» **Task requirements**: Your task is to write out every line of the data exactly. Drop the pictures.

» **Provided data**:
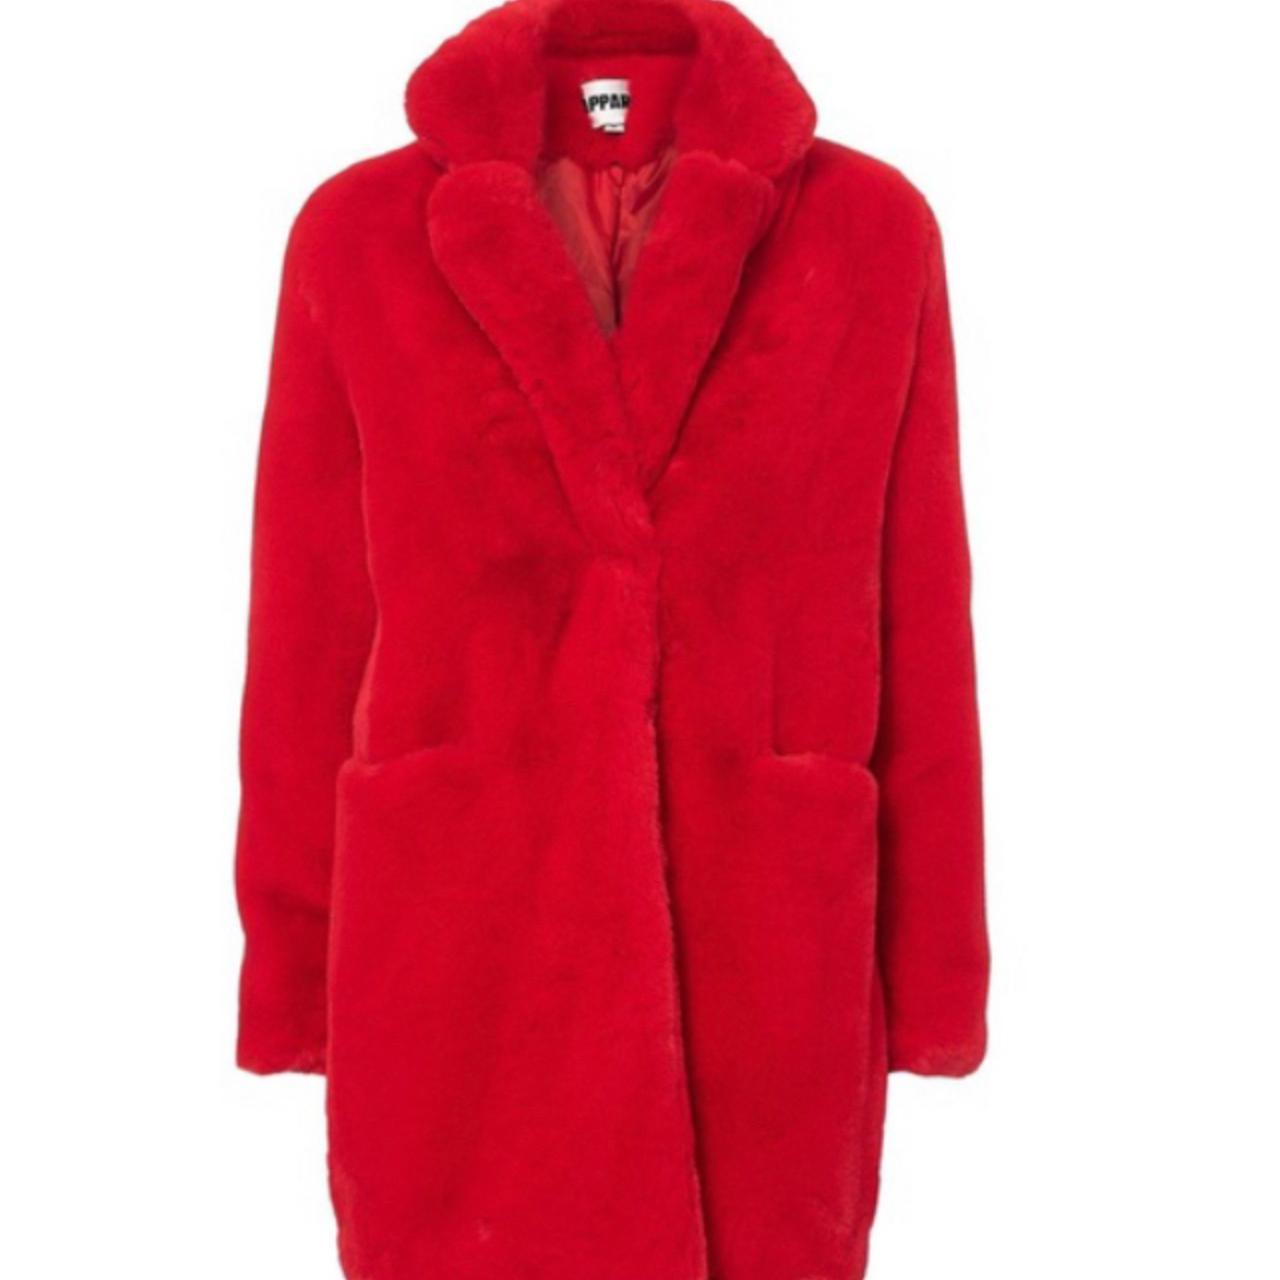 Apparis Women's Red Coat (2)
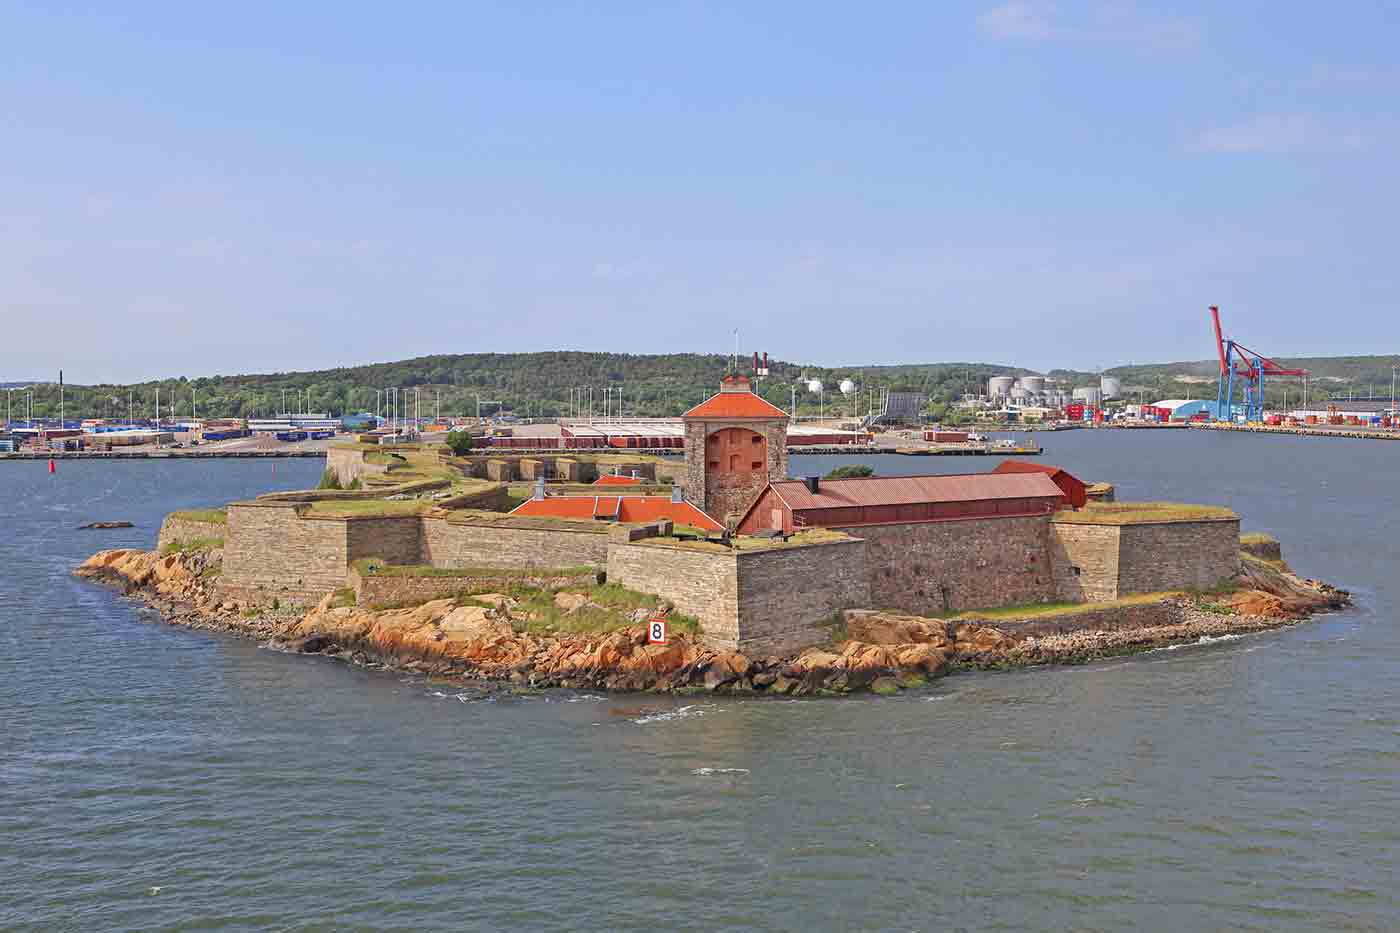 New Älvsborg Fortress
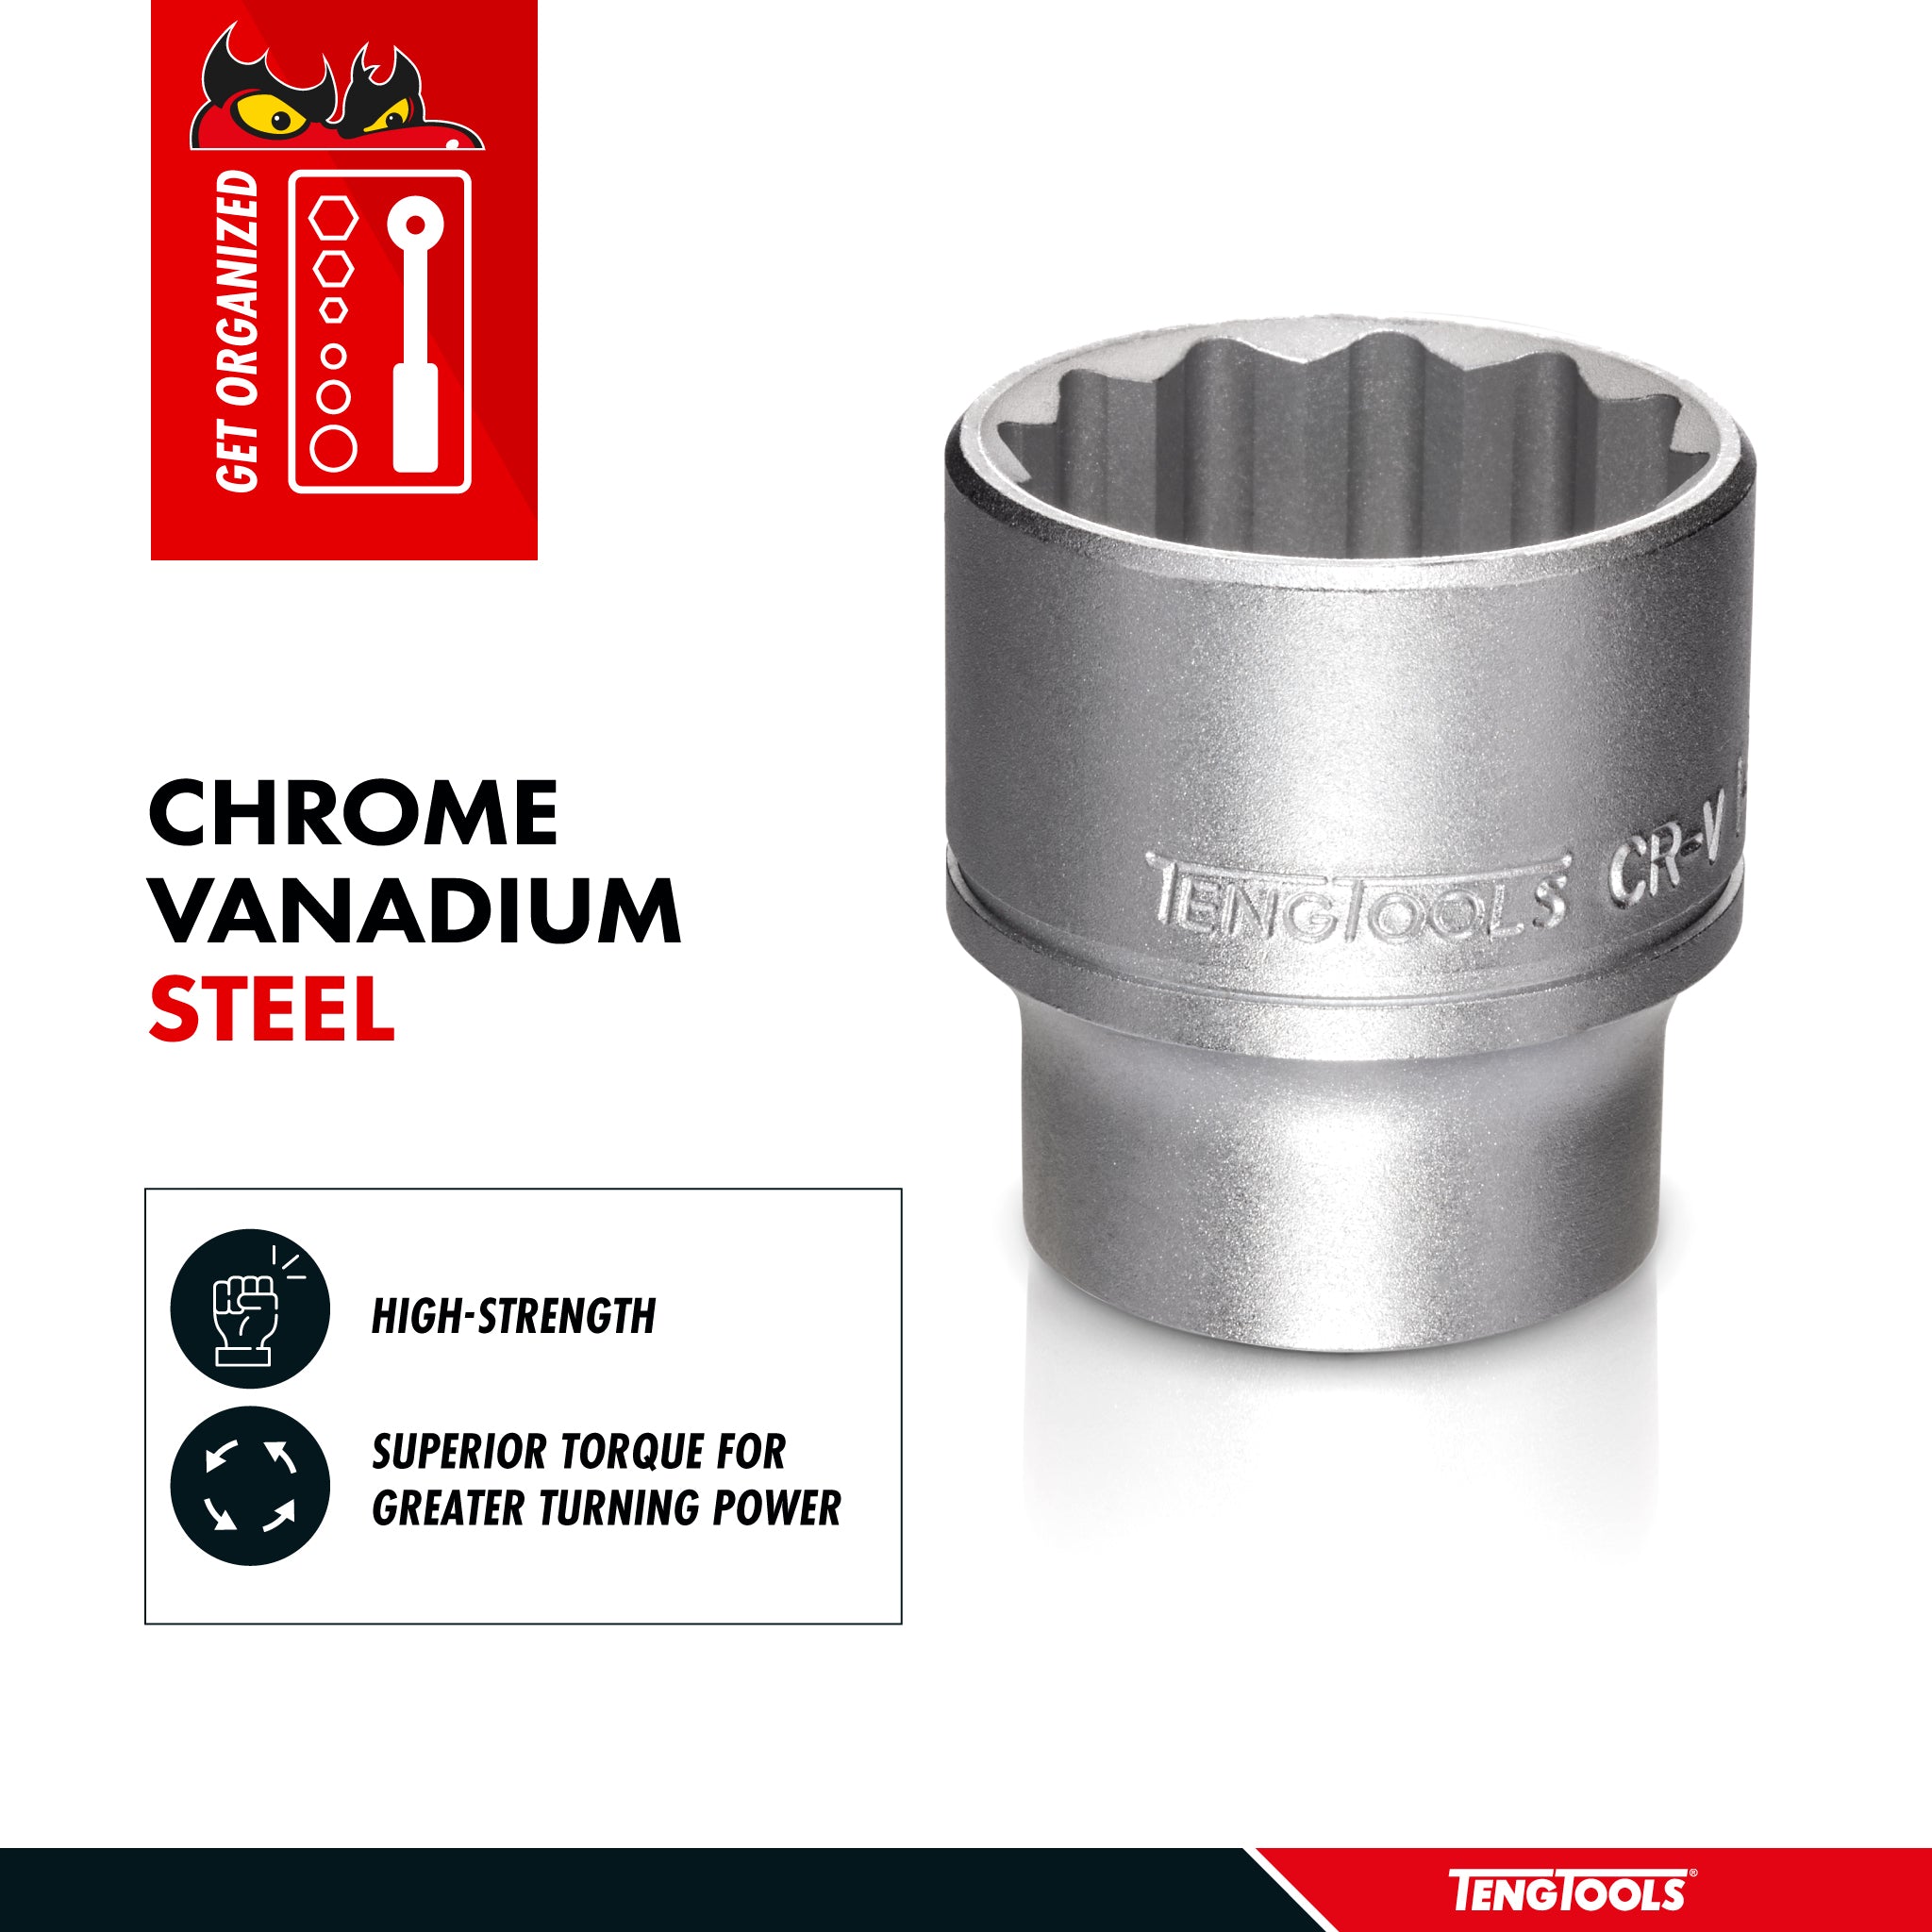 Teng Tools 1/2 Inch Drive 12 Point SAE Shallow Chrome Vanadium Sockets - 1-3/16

» **Answer box**:
 Apparis Women's Red Coat (2)
 New Älvsborg Fortress
 Teng Tools 1/2 Inch Drive 12 Point SAE Shallow Chrome Vanadium Sockets - 1-3/16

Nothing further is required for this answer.